_DATA_

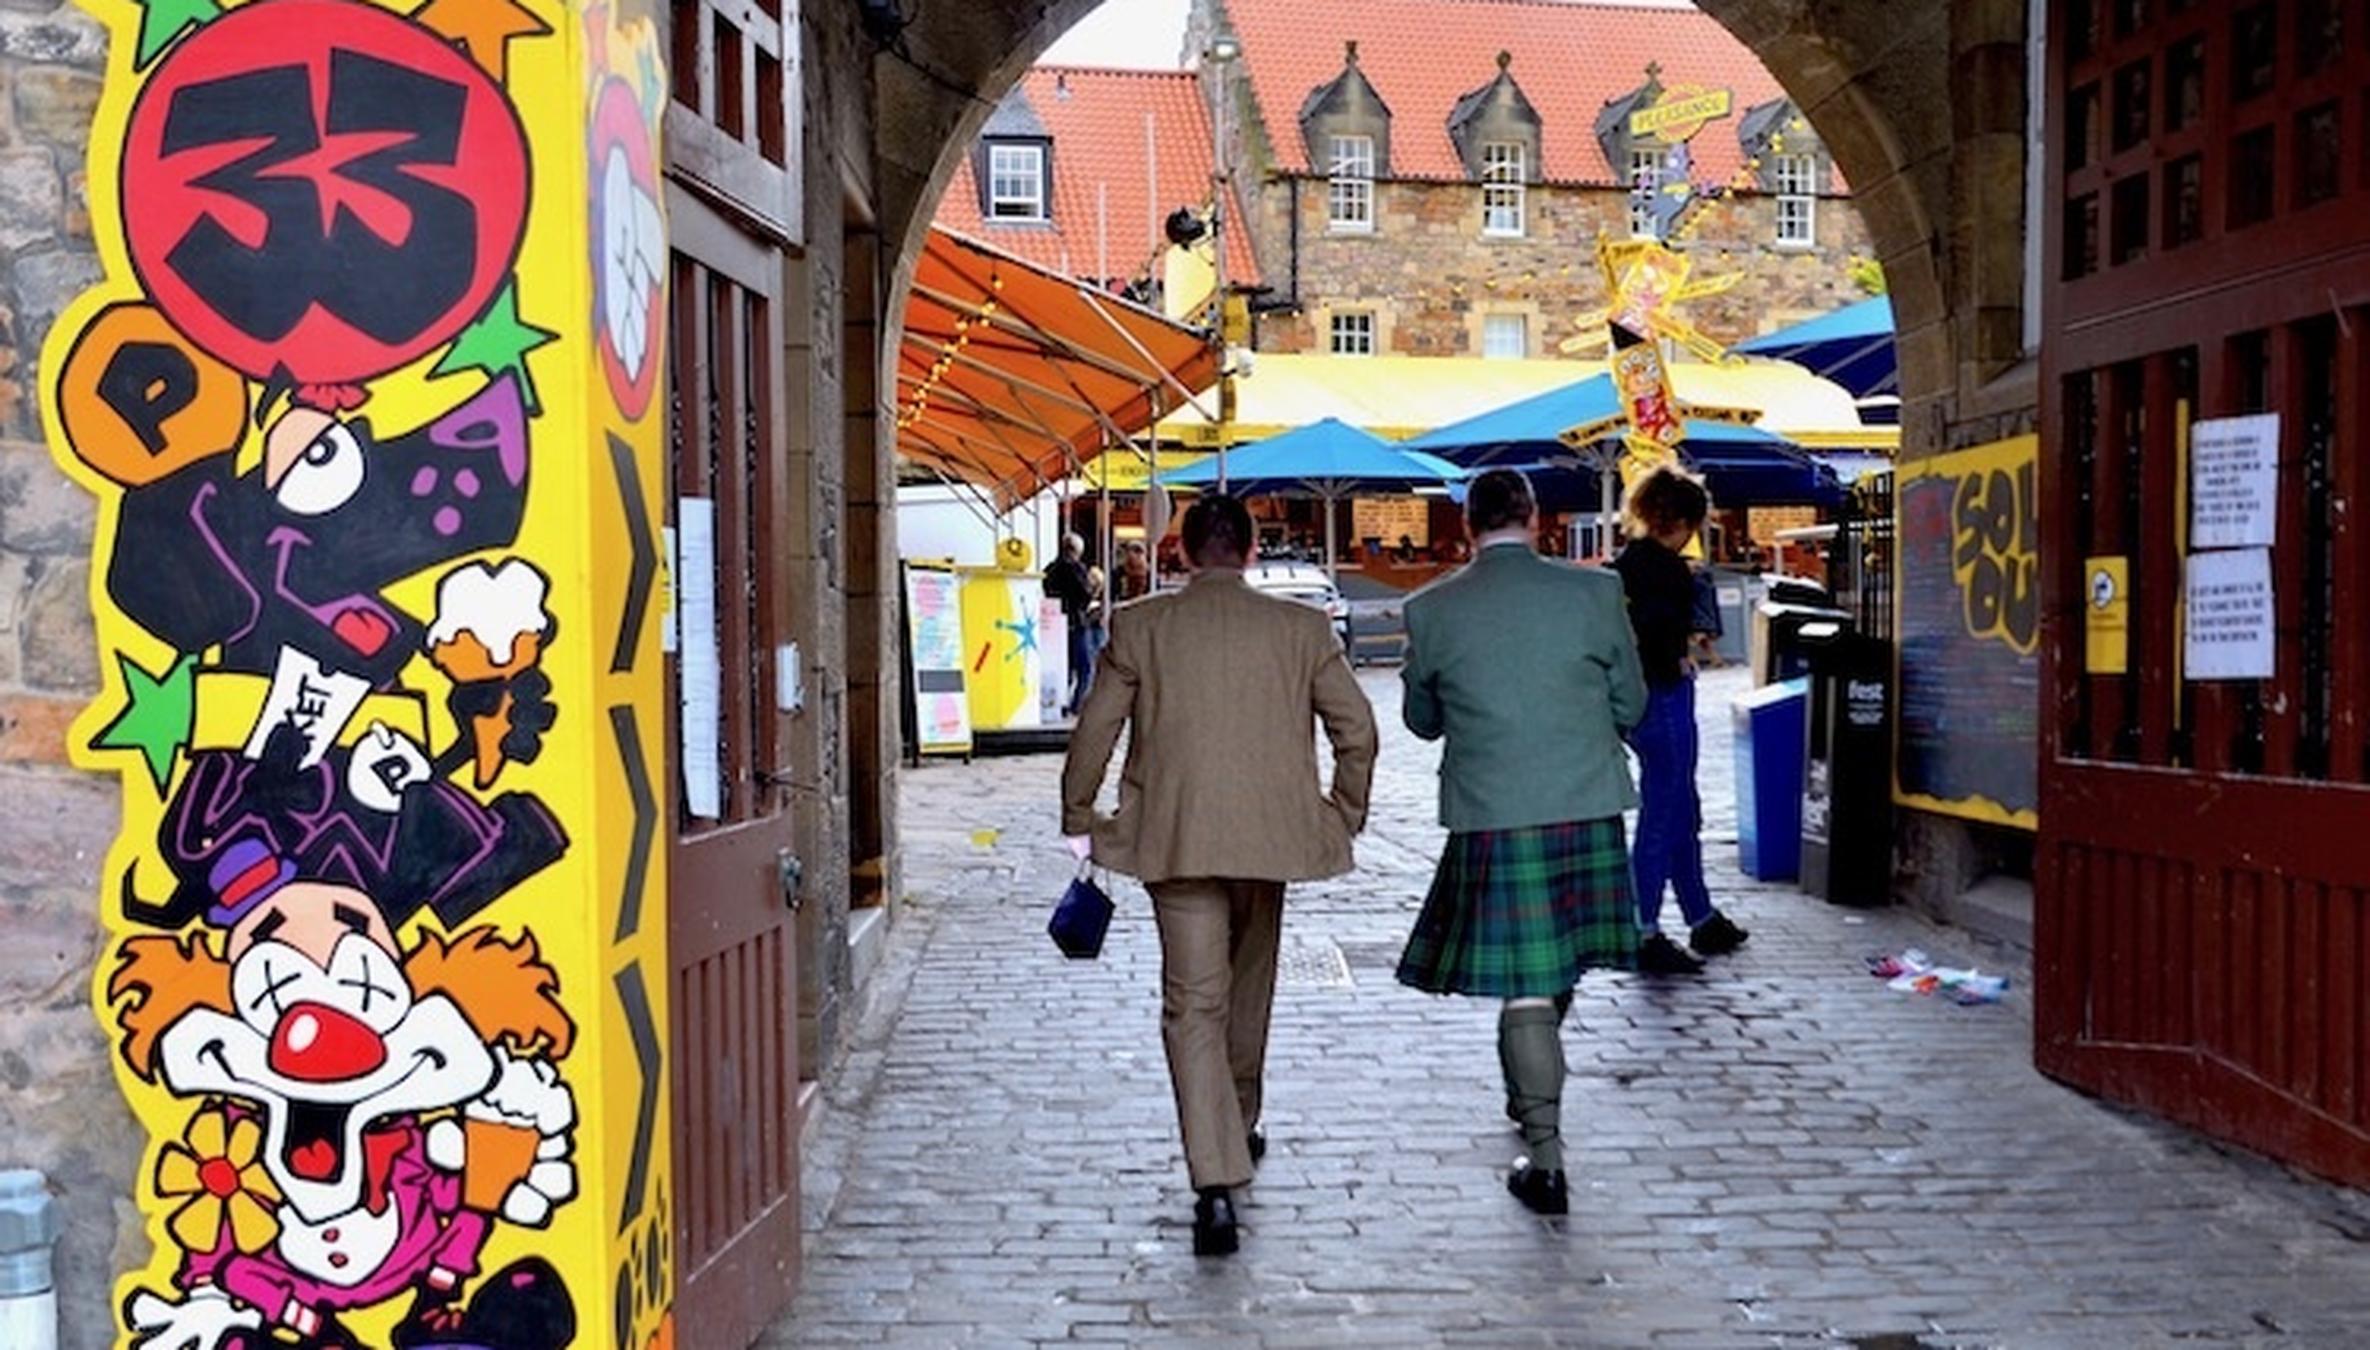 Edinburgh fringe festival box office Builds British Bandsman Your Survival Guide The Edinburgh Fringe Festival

---

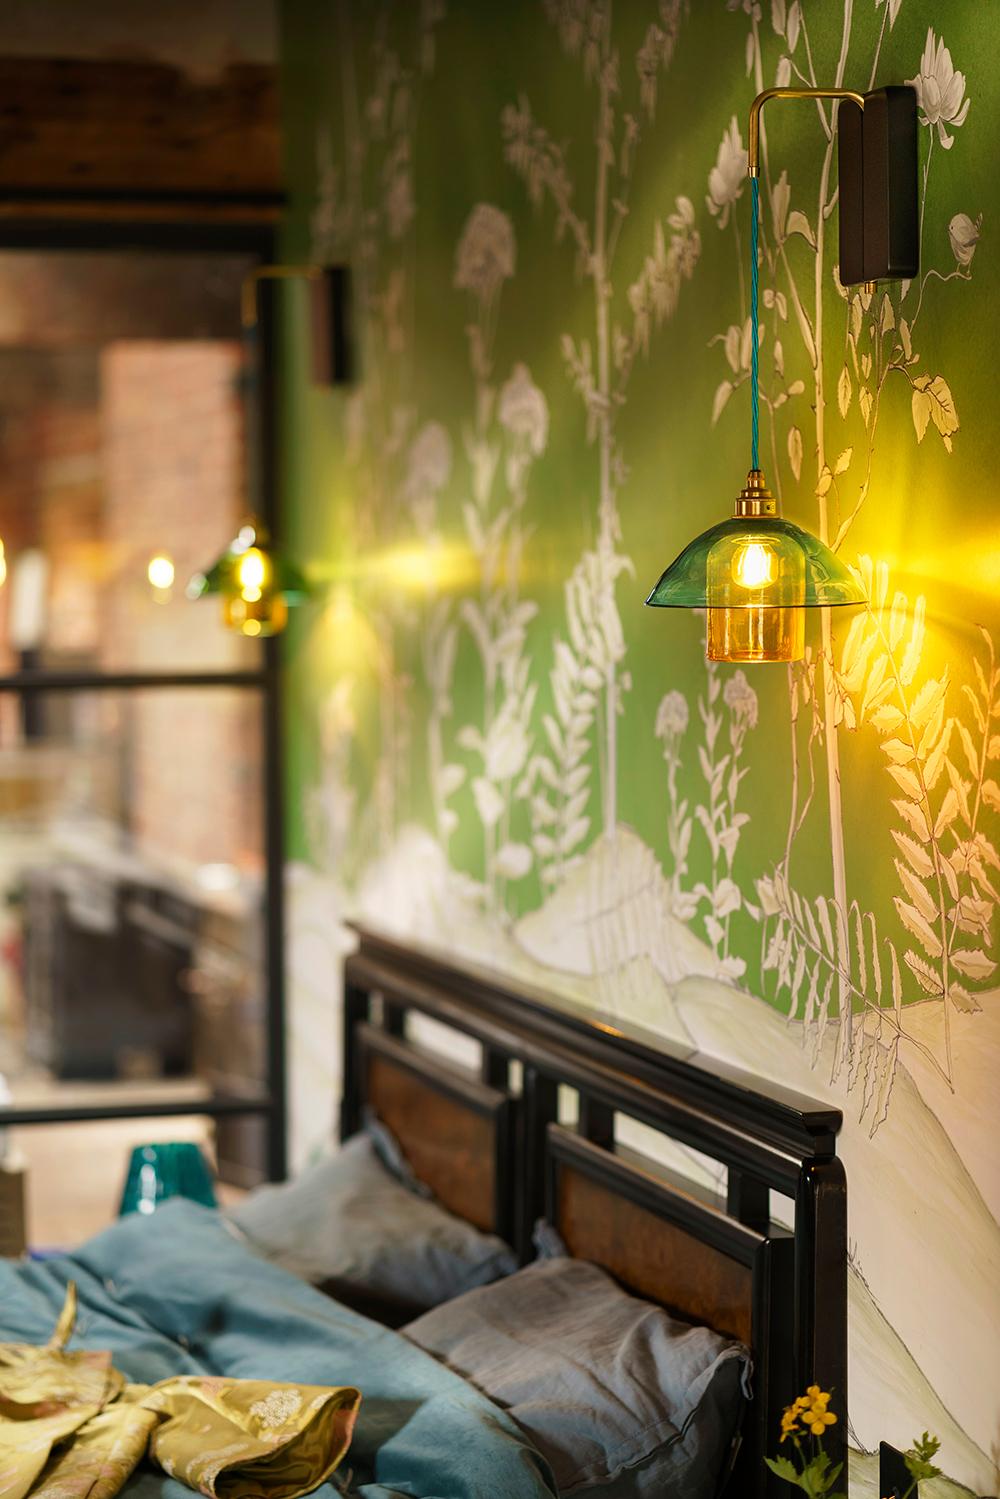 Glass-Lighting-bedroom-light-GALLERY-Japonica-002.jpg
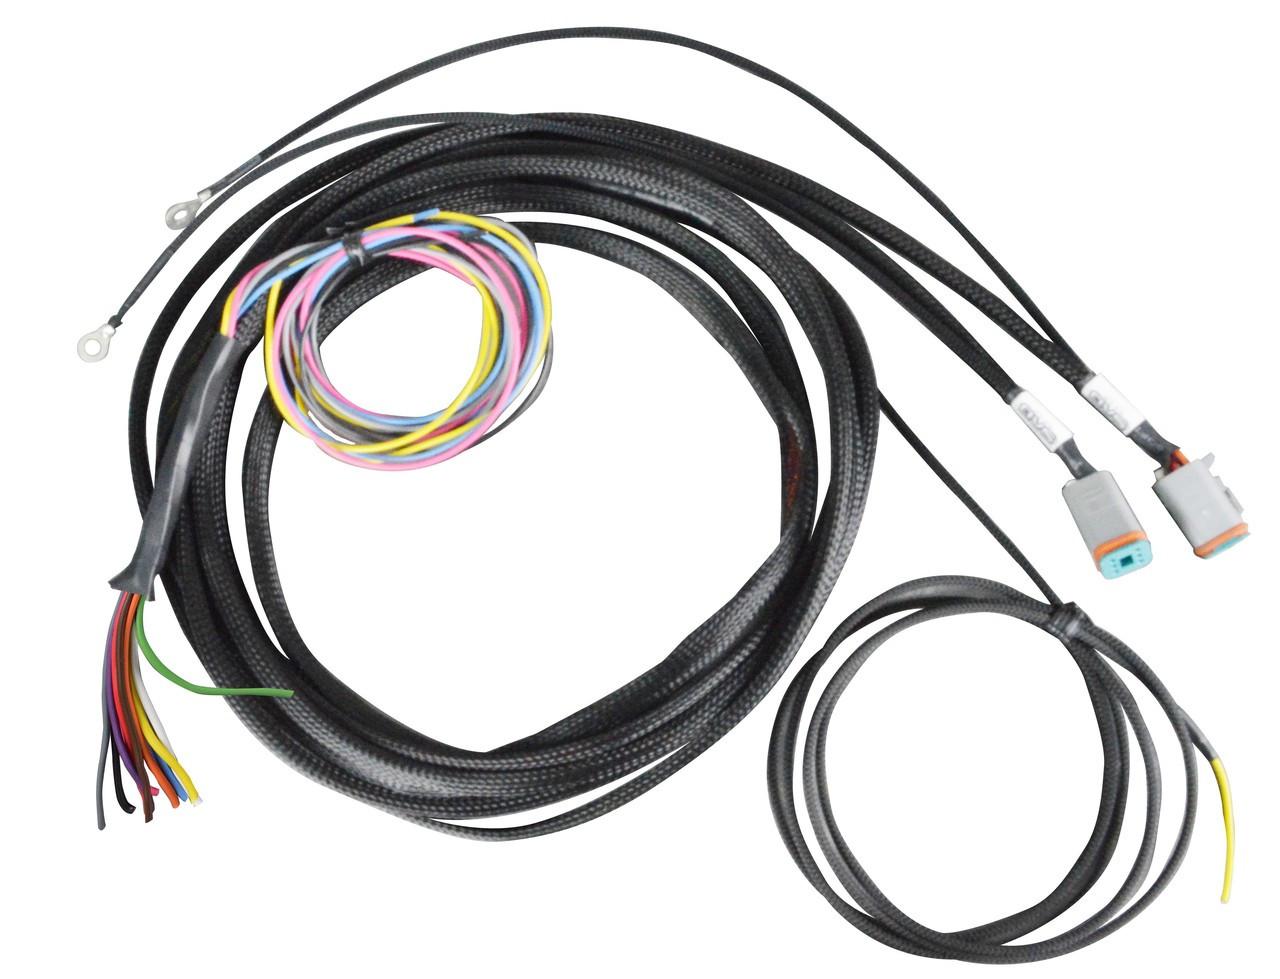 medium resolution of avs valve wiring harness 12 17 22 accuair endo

_DIRECTIONS FOR THIS TASK_
Using the data above, set down each line from the line with "Glass-Lighting-bedroom-light-GALLERY-Japonica-002.jpg" to the line with "medium resolution of" exactly, both ends included, and leave the pictures behind. Nothing else belongs.

_YOUR RESPONSE_
 Glass-Lighting-bedroom-light-GALLERY-Japonica-002.jpg
 medium resolution of avs valve wiring harness 12 17 22 accuair endo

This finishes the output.